Nor does the BJP’s Maharashtra face, former CM Devendra Fadnavis. Having settled scores with Uddhav Thackeray by breaking the Shiv Sena last year, Shah and Fadnavis were looking to checkmate the NCP leadership. In fact, the playbook was uncannily similar in both cases: Identify restive individuals with vaulting ambitions, strike bargains with them, offer them the carrot of plum ministerial posts and, as other Opposition parties have speculated, use the stick of federal agencies.
That both the major regional parties of Maharashtra are so vulnerable reveals the complete breakdown of the state’s moral and political core. While the Sena was held together by the ideological glue of Maharashtrian asmita (self-respect) and later Hindutva, the post-Bal Thackeray leadership has struggled to match the charismatic personality of the organisation’s eternal mascot. The NCP’s ideology, by contrast, is almost non-existent. The party was founded by Sharad Pawar against the backdrop of his stand against Sonia Gandhi’s foreign origin. But once Mrs Gandhi withdrew from the prime ministerial stakes in 2004, the very raison d’etre of the NCP was called into question. The party then became a transactional coalition of Maharashtra’s agrarian and industrial bourgeoisie, driven by the lure of wealth and power and Pawar’s persona as the consummate dealmaking politician.

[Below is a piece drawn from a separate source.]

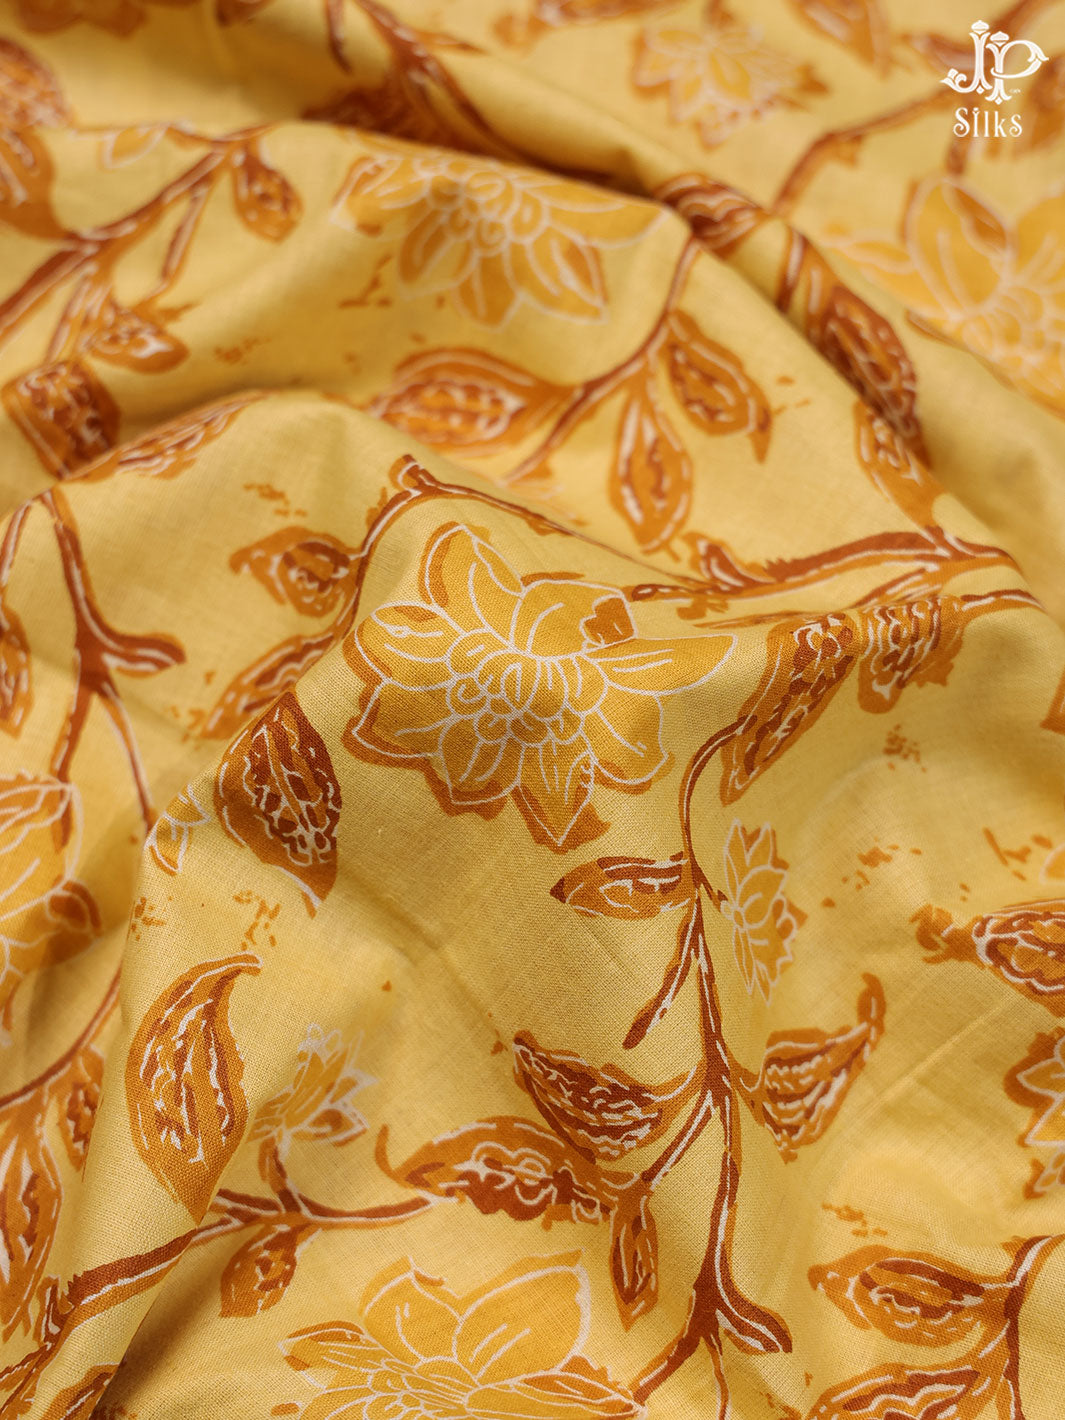 Yellow and White Cotton Chudidhar Material - C4379 - View 5

Power can be ephemeral. The BJP is the country’s number one party at the moment by some distance, but in the more combative terrain of Maharashtra, it is still to establish its dominance. Which explains its urgent need to make alliances and break parties ahead of next year’s Lok Sabha and assembly elections. Which is also why the 2024 battle presents the inscrutable Pawar, down but not out, one last opportunity to reclaim his position as a front-ranking politician. In Bollywood lingo, picture abhi baaki hai (The picture is still not over)!
Post-script: When I asked him for the secret to his political longevity, Sharad Pawar replied: “In one word: Patience.” Which is why when his nephew taunted him by asking him to retire, Pawar’s reply was typically unflappable: “I am neither tired nor retired.” Maharashtra’s game of thrones awaits a final act next year.
Rajdeep Sardesai is a senior journalist and author. The views expressed are personal.